According to the research, candidates’ response times mattered as much as a few minutes’ difference. A quicker reply could signal an applicant’s competence, warmth, and expected future responsiveness, co-authors Einav Hart and Eric M. VanEpps argue. But is a faster response time truly an accurate metric for job readiness? Could a reply that’s too quick suggest an inauthentic automation? Whatever the case may be, the researchers “urge those who are hiring to be aware of their reliance on this metric, and to make explicit decisions about how much to watch the clock.”

2. A Brand-New AI Model Challenges Industry Forerunners

The Wall Street Journal reported on a new AI startup that could disarm the industry’s biggest competition. Mira Murati’s Thinking Machines Lab released Inkling, the company’s first AI model, on Wednesday. Murati, a former OpenAI technology chief, says that Inkling differentiates itself through something she calls “open weights,” which means that users can modify the model with their own data.

Although Inkling, featuring 975 billion parameters, is not nearly as complex as advanced closed-source models such as OpenAI or Anthropic, its open-source nature allows for greater customization and UX capabilities. It’s also a cheaper and faster alternative to the industry’s most popular programs.

3. U.S. Worker Productivity Is at an All-Time High (and without AI)

As The New York Times reported on Tuesday, U.S. worker productivity is higher than it has ever been. Sourced from the U.S. Bureau of Labor Statistics, the NYT discovered that companies have been getting more out of their employees at a steady rate for several years. It may seem like AI is the driving force, but, when the data is analyzed through hours worked and employee output, generative AI is not a central contributor to the productivity rate.

Instead, factors such as remote work, tight labor markets, and digitization are the main ingredients. The rise of remote work has given companies access to a larger talent pool while digital tools, such as cloud computing, have made workers more efficient. Both are a result of the COVID-19 pandemic. Meanwhile, low unemployment rates have positively influenced productivity. But the tech sector is a different story.
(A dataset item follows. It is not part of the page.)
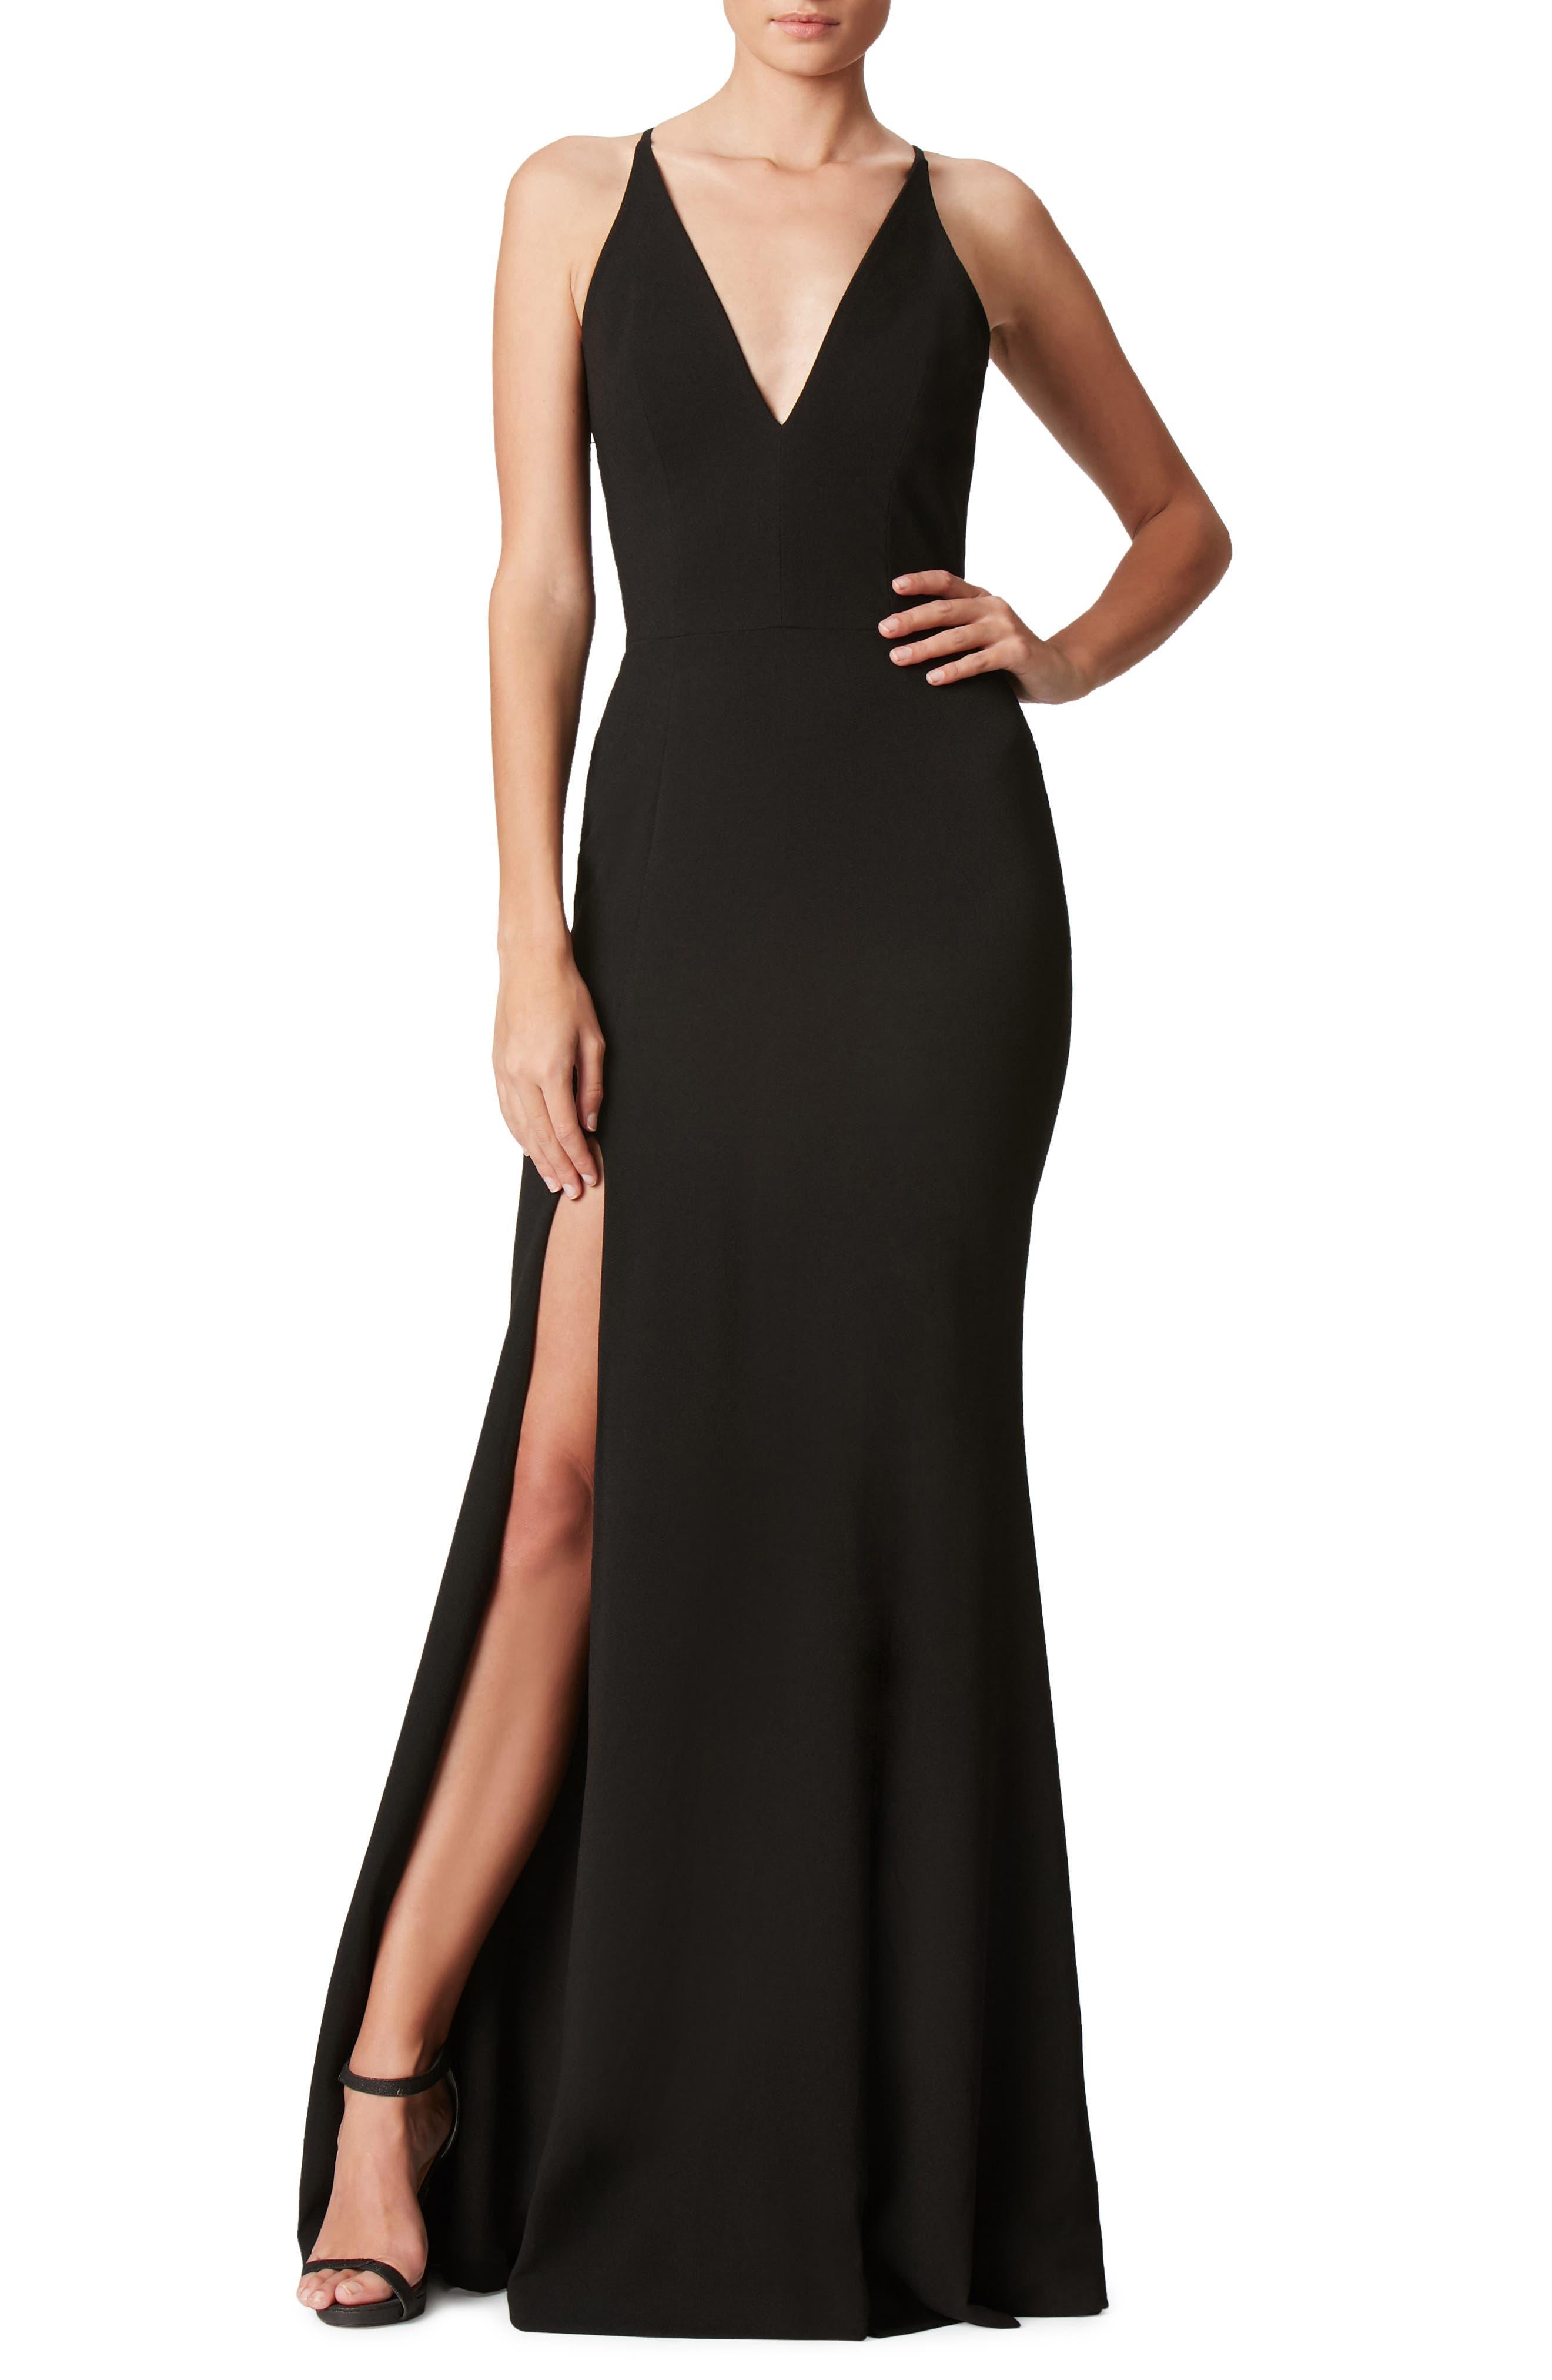 DRESS THE POPULATION Iris Slit Crepe Gown, Main, color, BLACK

Its employment has shrunk for 18 consecutive months.

4. How Do Teenagers Feel about Growing up with AI?

NPR ran an audio story this week that surveyed seven teenagers on their feelings toward AI. One teen felt that ChatGPT was like a friend and that they’ve been able to conduct “meaningful” and “intelligent discussions” with it. Another teen felt much differently, saying that AI “makes it to where thinking is optional” and that it’s “making us dumber.”

One teen described AI as “a private tutor” that has provided useful feedback while they were writing papers. They also said it was good at simplifying complex scientific concepts. Meanwhile, one teen was thinking of the labor market and those whose careers would be rendered obsolete. They worry that it may “throw off jobs,” wondering “if we have a machinery that’s taking over that, then what are [job-seekers] going to do?”
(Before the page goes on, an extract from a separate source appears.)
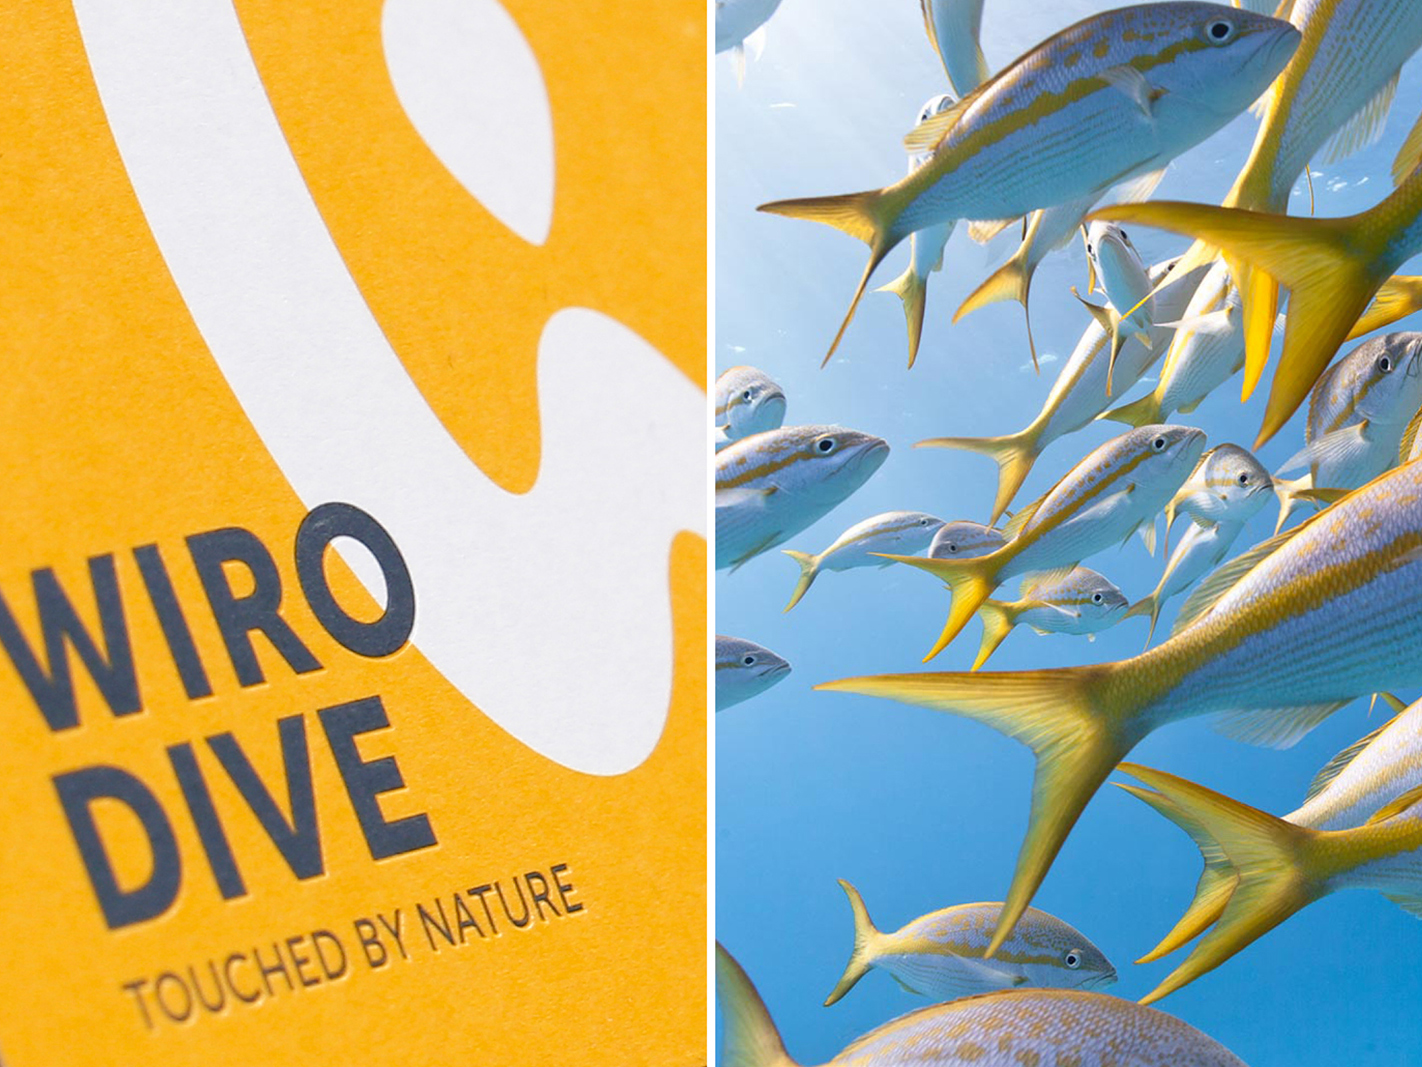 Corporate Design  Wiro Dive (Tauchreisen)

5. Why AI Chatbots Don’t Just Love Negative Parallelism — They Rely on It

Since the 2022 launch of ChatGPT, AI-generated writing has shuffled through various telling tics. Chatbots used to love the word “delve,” and they still disproportionately favor the em dash when compared to human writers. A recent piece in The Atlantic examined the most common element of AI-generated writing: “it’s not just X; it’s Y.” Given its greater prevalence in conjunction with AI’s rise, people have now given it a proper name: negative parallelism. But why do AI chatbots gravitate so heavily toward this rhetorical device in the first place?
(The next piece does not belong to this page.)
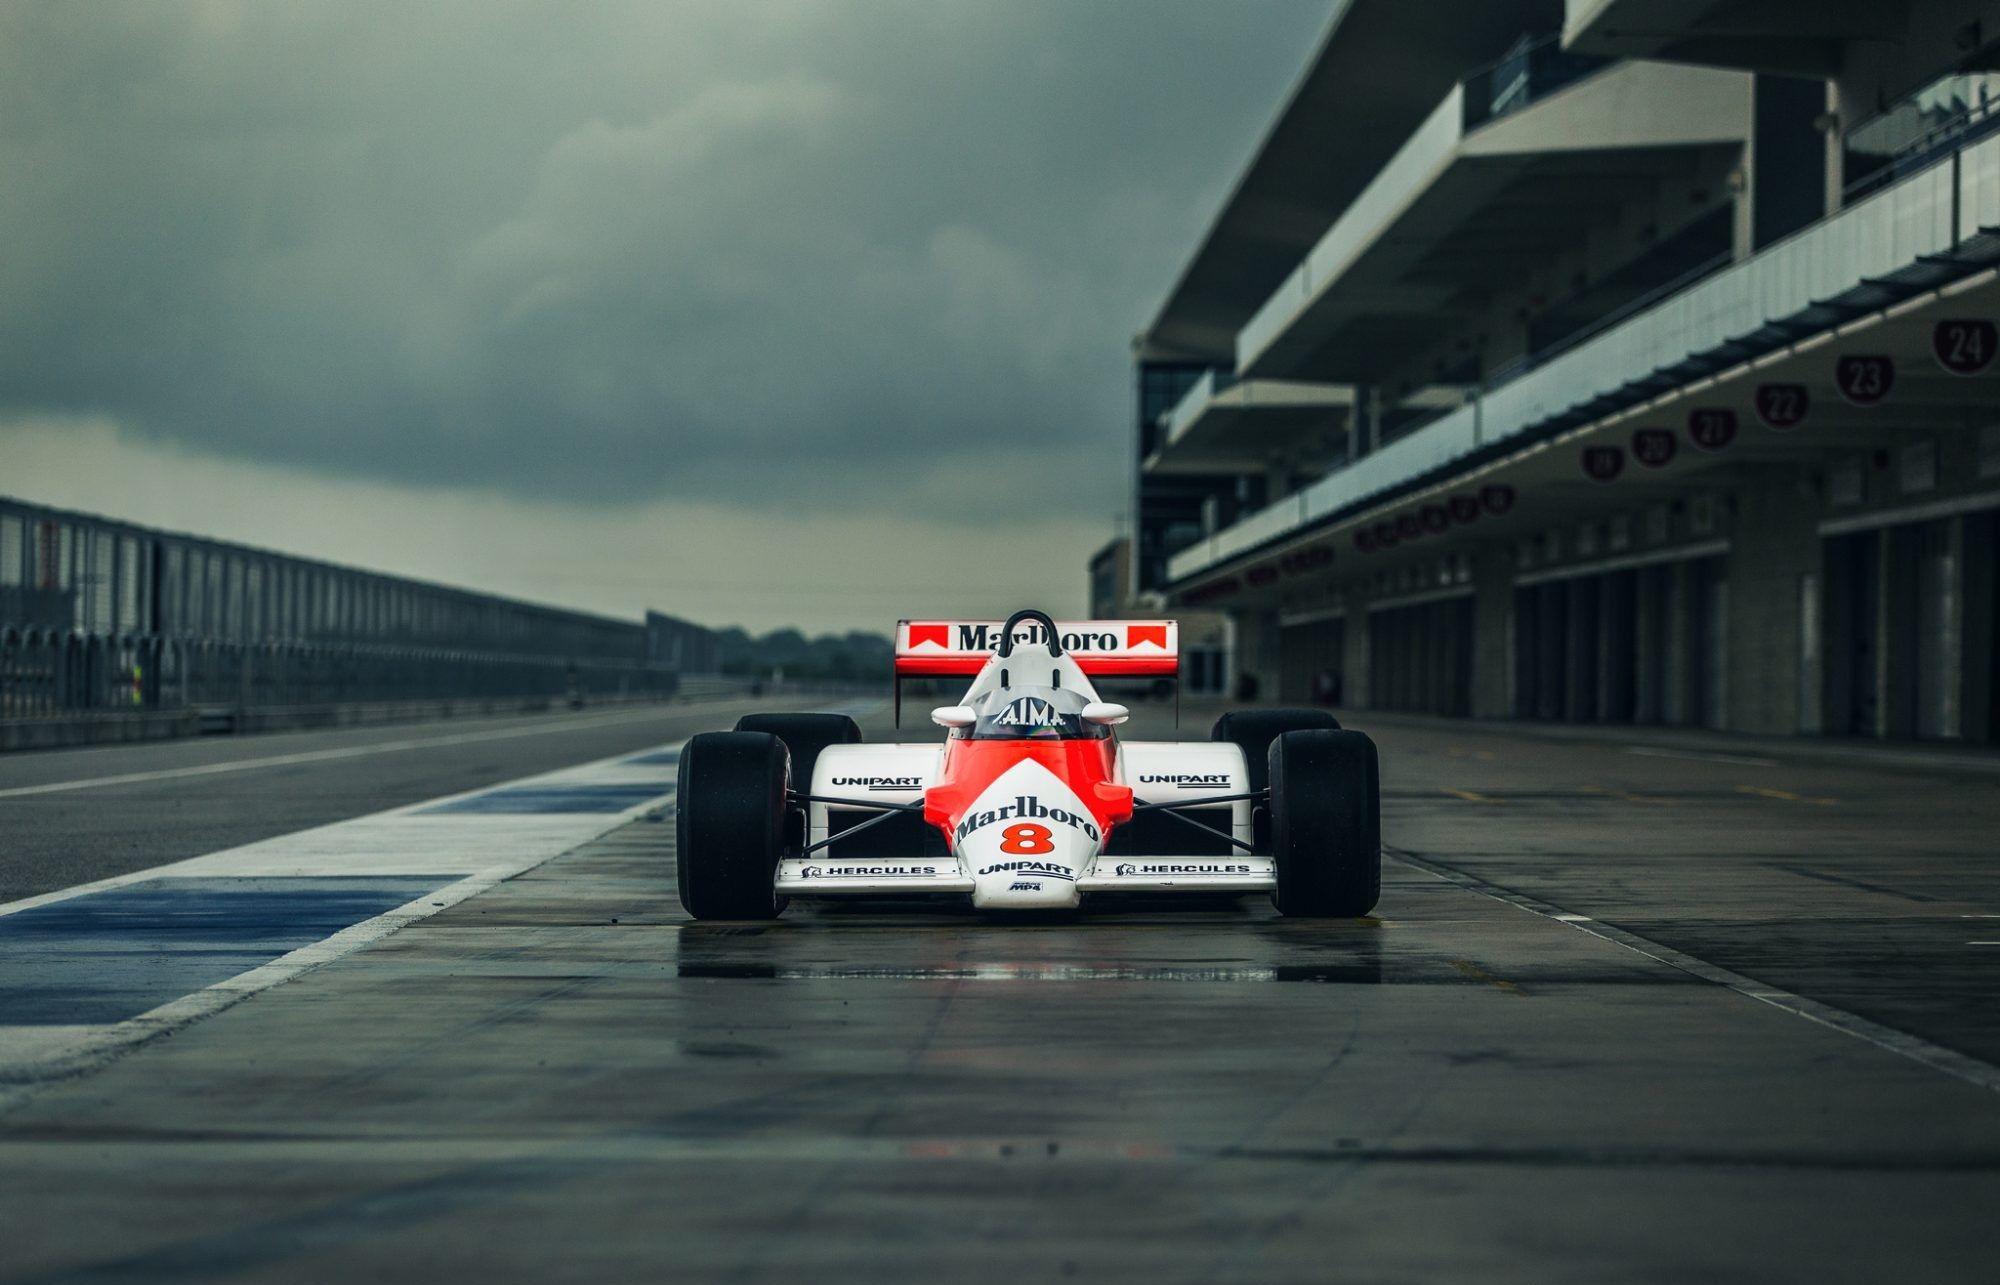 Niki Lauda's Formula 1 McLarens

The likeliest explanation is that humans trained them as such. Many famous examples of writing, which LLMs have been trained on, use this device as a clever way to punch up the copy. From that point, AI likely reinforces its built-in biases and leans on something called “model collapse,” in which AI trains itself on content it previously produced. Because of that residual training, AI-generated writing may come to a point where it’s impossible for AI to write without using negative parallelism.